Slaves idle, not picking up Jobs

Everything looks correct, no slave logs show any access/permission errors.
Repository sits on NAS share, Jobs are submitted OK, slaves stay at idle and do not pick up jobs (status stays at “checking repository integrity”)
Slaves show up as able to render Jobs, so no submission/pool/group issue. Slaves are Windows 7 64.

When I move the Repository to any of the slaves, with the same Jobs/settings/everything, slaves pick up the jobs and render normally.
So it looks like a permissions issue, but as said the strange thing is that all logs are clear of errors. Also checked the NAS logs for access errors, not found any.
I would be very grateful for any help in resolving this

thanks in advance

Another client just mentioned that the JobRepositoryScan.lock file (in the jobs folder) caused him grief because Slaves (or in his case Pulse) couldn’t get a write lock on that file.

If you delete it, do any of the Slaves pick anything up?

Thanks for the quick response, yes I forgot to mention I tried that too but Slaves still do not pick anything up

If you open the Monitor on one of the slave machines, are you able to see the jobs in the queue?

Also, we should try enabling verbose logging for the slaves, which can be done from the Monitor while in Super User Mode. Select Tools -> Configure Repository Options, and then enable Slave Verbose Logging in the Application Logging section. After committing the change, restart your slave applications so that they recognize the change immediately. Then watch the slave to see if it’s printing out any warnings or errors.

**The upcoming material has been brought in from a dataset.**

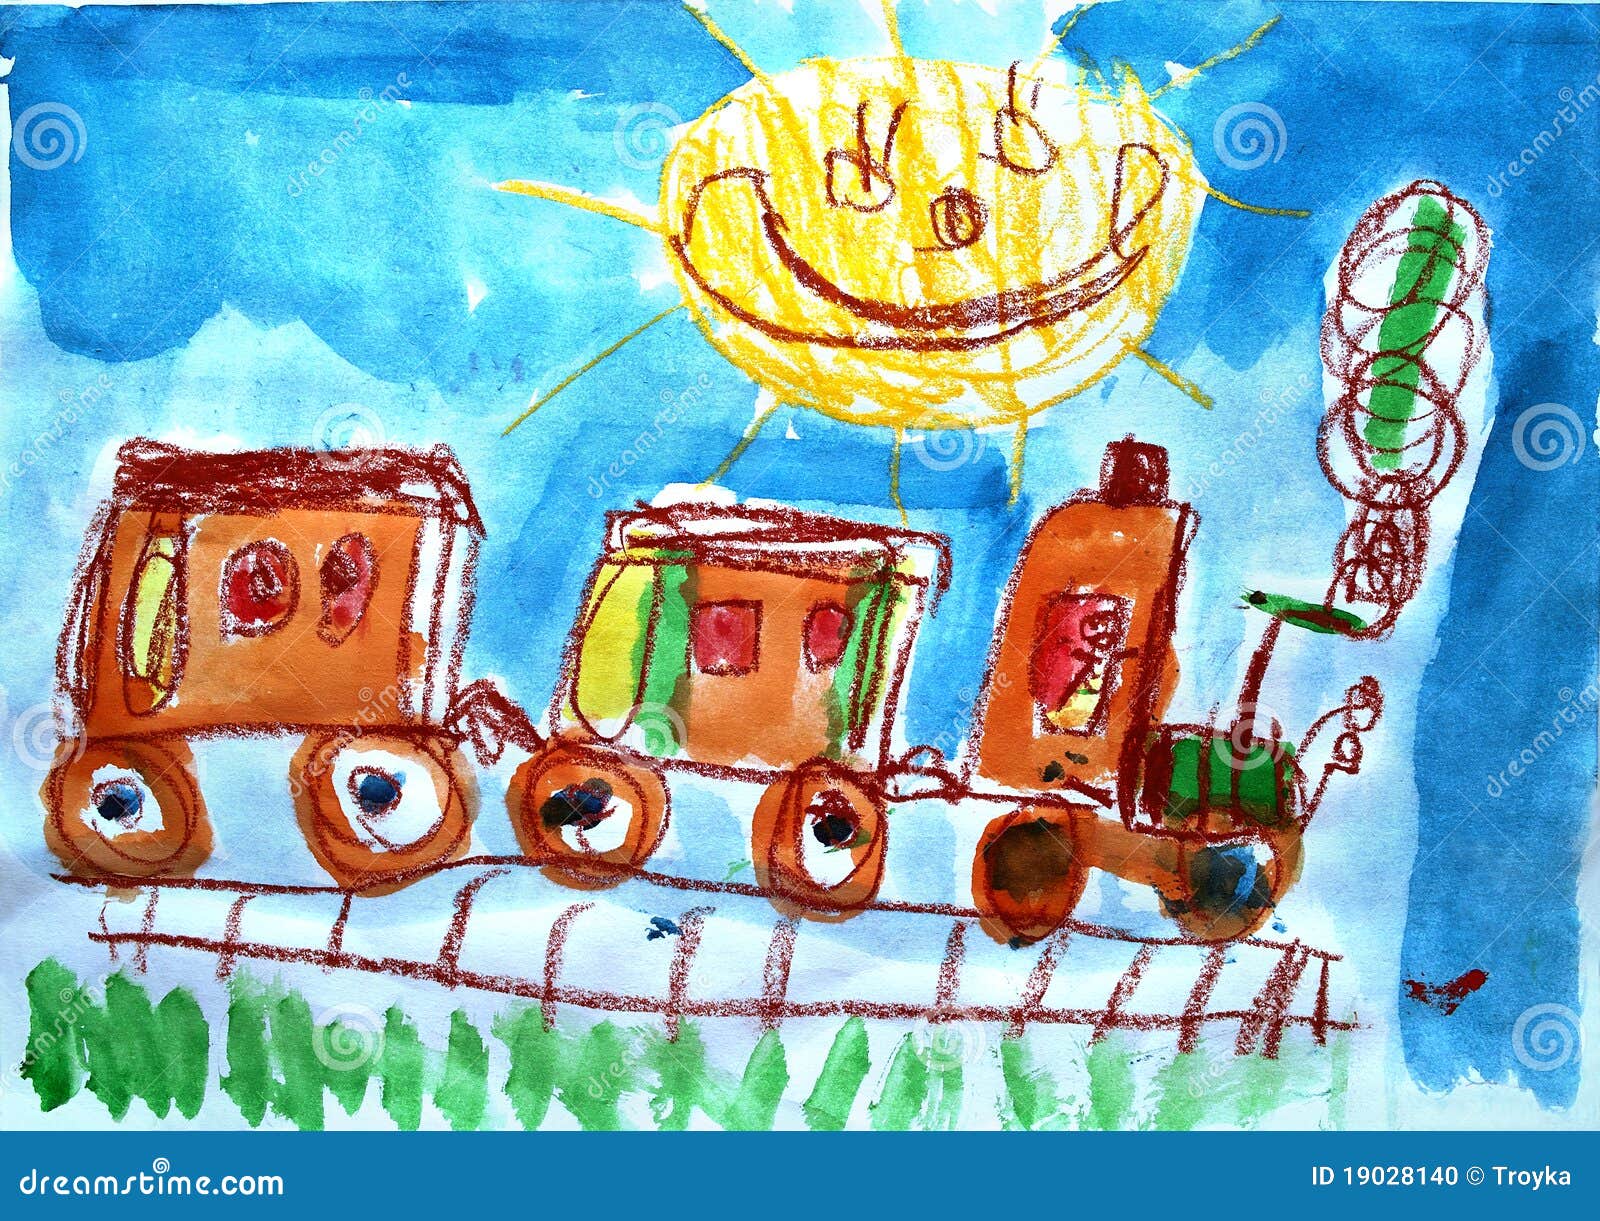 child-s-watercolor-picture-train-19028140.jpg

Finally, are you running Pulse?

Hopefully this helps us narrow down the problem a bit.

Cheers,

  • Ryan

Yes jobs are visible in slave Monitor.
Verbose logging shows no errors, only Scheduler reports (“Job chooser found no jobs”)
Pulse is not running, but everything was working fine without it when I used Deadline on the same NAS/slaves configuration some time ago.
Also now, when I move the Repository to a slave, everything works OK without Pulse running.

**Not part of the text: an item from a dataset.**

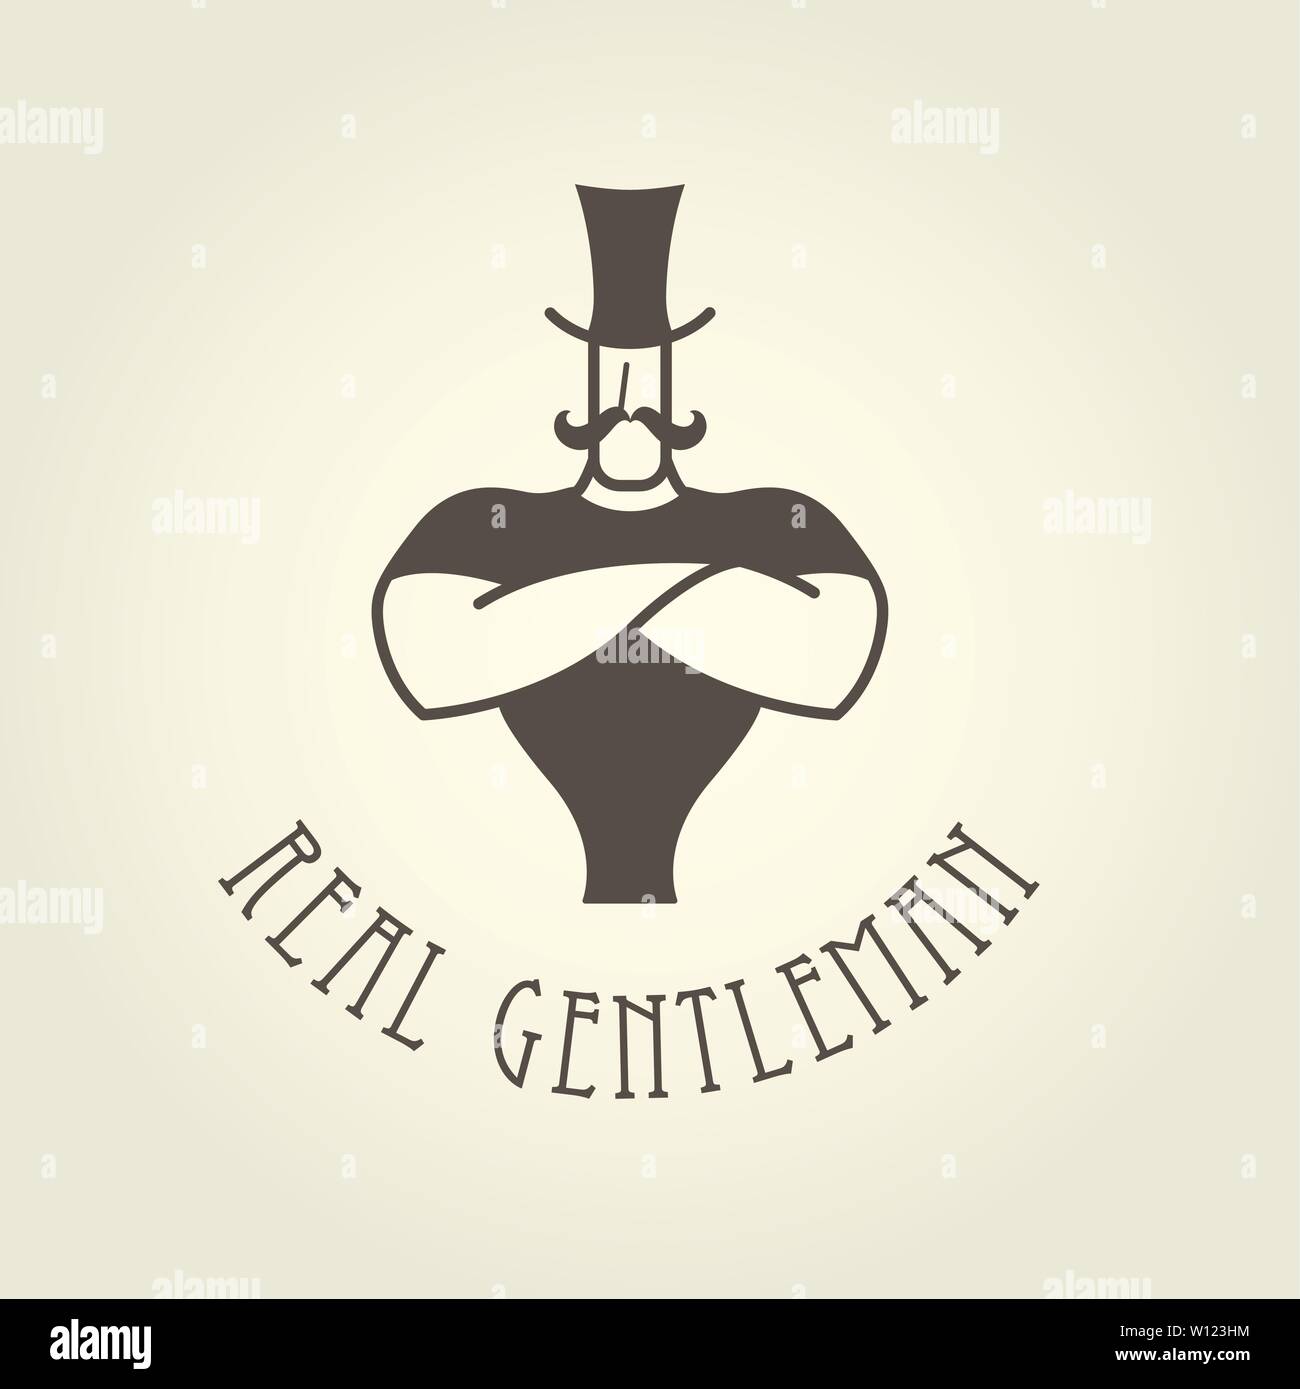 Poster di circo - uomo forte con le braccia incrociate sul petto e lo stile retrò gentleman o attore di circo Illustrazione Vettoriale

I notice now that all job tasks are marked as “Deleted” in the Monitor upon submission.
However, in the job/tasks directory in the repository, they still appear with the .Queued.task extension !
The tasks cannot be marked as Complete/Failed because the app can’t find the .Deleted.task file

All permissions are set to 777 in the smb.conf file on the NAS

Very strange!

Is it possible that you have a mismatch of Deadline versions installed? If you have Deadline 5.x submitting the jobs and 4.x on your slaves (or vice versa), the tasks will actually show up as deleted because we changed the way we stored jobs in 5.x.